How completely ghastly, classical music hasn't got a pompous image it is the people who talk about it on forums that are often excruciatingly pompous and we have our share.
One or two concerts that I've been to were certainly performed by robots--so there's no need to wait 200 years.


----------



## StlukesguildOhio (Dec 25, 2006)

But seriously y'all, isn't speculation about the future (and a future too distant for any of us to have any chance of seeing) just another strategm for avoiding the obvious, that most classical listeners are not familiar with the music of right now?

Or alternatively... is it not possible that much of the music that YOU particularly like of right now is a lot of pretentious crap while some of the music of today that others listen to and enjoy may just possibly survive and continue to speak to listeners and composers in the future?


----------



## superhorn (Mar 23, 2010)

The repertoire of classical music, far from being "ossified" as some critics and musicologists fatuously claim,
is in fact, in constant flux . The repertoire performed by orchestras ,opera companies and other groups
is so vastly different from what it was a century or even 50 years ago that people who lived at that time could never has imagined what things are like today .
True, certain works by Bach,Handel, Haydn,Mozart, Schubert,Schumann,Mendelssohn,Brahms, Dvorak,
Tchaikovsky and others have achieved a lasting place in the scheme of things , but these have never prevented new works from being heard . 
Of course, there's no way of knowing exactly what things will be like 200 years from now. But if the world as we know it is not destroyed by catastrophic events some time in the future , and the symphony orchestra ,
opera companies , etc are still in existence, it's impossible to know which of the composers of the present era
and the last half of the 20th century will be regularly performed . We might be very surprised if we could ocme back.
When Mahler died just over a century ago, many critics and other composers were convinced that his music would die with him . How wrong they were ! Possibly a time machine will exist, and we will be able to go back in
time and hear Mozart playing his piano concertos or directing his operas from the keyboard , and we'll be able to know just how close musicians such as the late Gustav Leonhardt, Norrignton, Gardiner, Hogwood,
Harnoncourt and others came to "authenticity". We might be very surprised and find out that the music of the past sounded very different . 
The plays of Shakespeare are still very relevant and will always remain so, as well as the novels of
Cervantes, etc. The same with the music of the past.


----------



## Sid James (Feb 7, 2009)

moody said:


> No.they will wipe us out so nobody human will be listening to anything.


MARS ATTACKS!!! :lol:

Remember that film from the '90's, when the aliens where destroyed by country music being piped from loudspeakers?

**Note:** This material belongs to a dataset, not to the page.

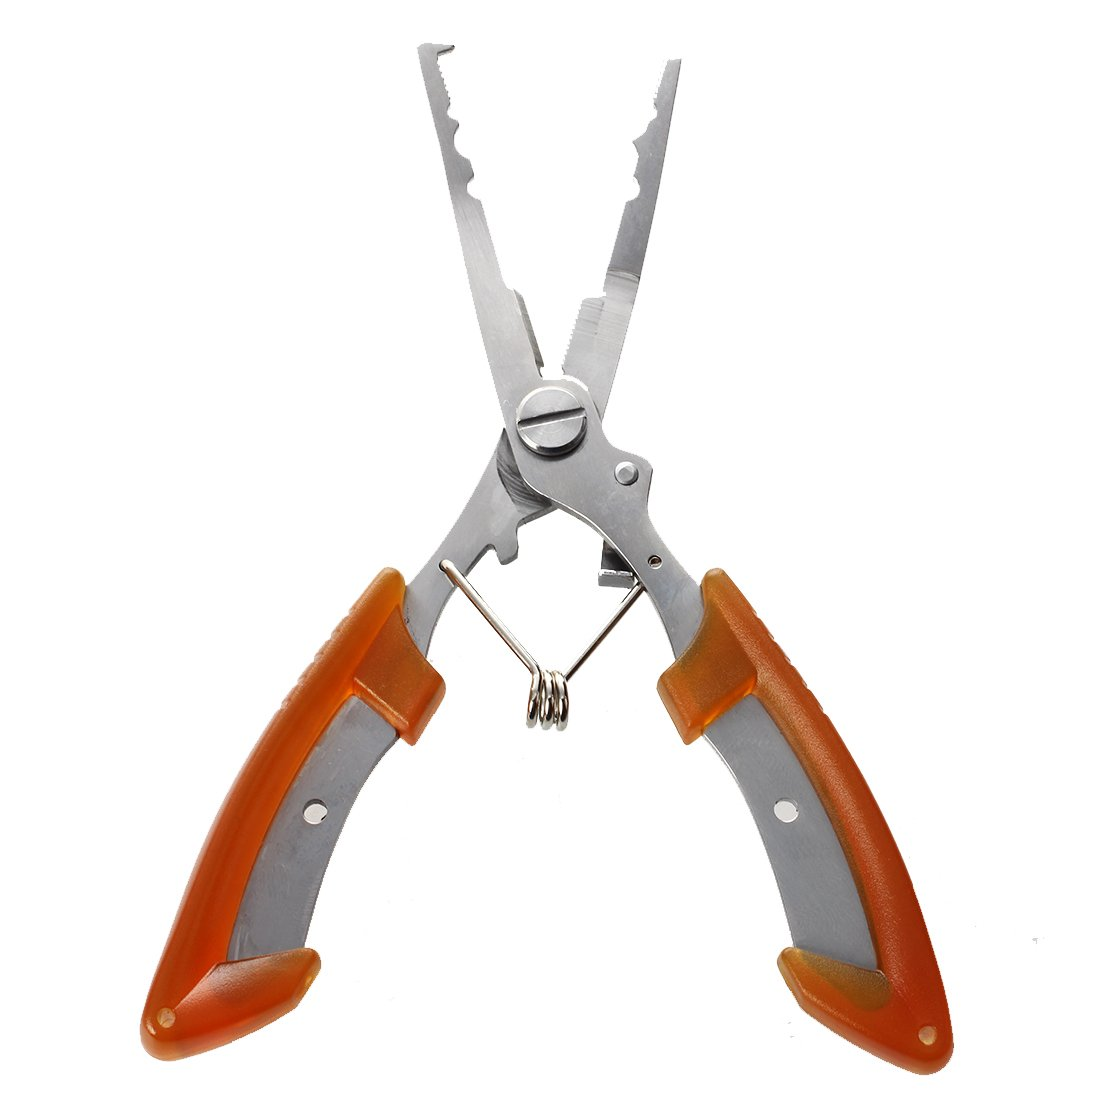 TOOGOO(R)16cm Alicates Tijeras herramienta de corte de linea de pesca de acero inoxidable Naranja

The singer's high tones made the aliens' heads burst! So maybe we can wipe them out with some country music...or the screaming at the end of _Gotterdammerung_ put onto a repetitive tape loop (maybe Steve Reich or John Adams can compose that?)...


----------



## HarpsichordConcerto (Jan 1, 2010)

some guy said:


> You know the tastes of these putative aliens?
> 
> You have strange powers, HC.


Well, given how well received Mozart's music has been ever since he wrote them compared with Merzbow's, I kind of feel confident to share with aliens muisc of Mozart than the crap of Merzbow!


----------



## Arsakes (Feb 20, 2012)

StlukesguildOhio said:


> But seriously y'all, isn't speculation about the future (and a future too distant for any of us to have any chance of seeing) just another strategm for avoiding the obvious, that most classical listeners are not familiar with the music of right now?
> 
> Or alternatively... is it not possible that much of the music that YOU particularly like of right now is a lot of pretentious crap while some of the music of today that others listen to and enjoy may just possibly survive and continue to speak to listeners and composers in the future?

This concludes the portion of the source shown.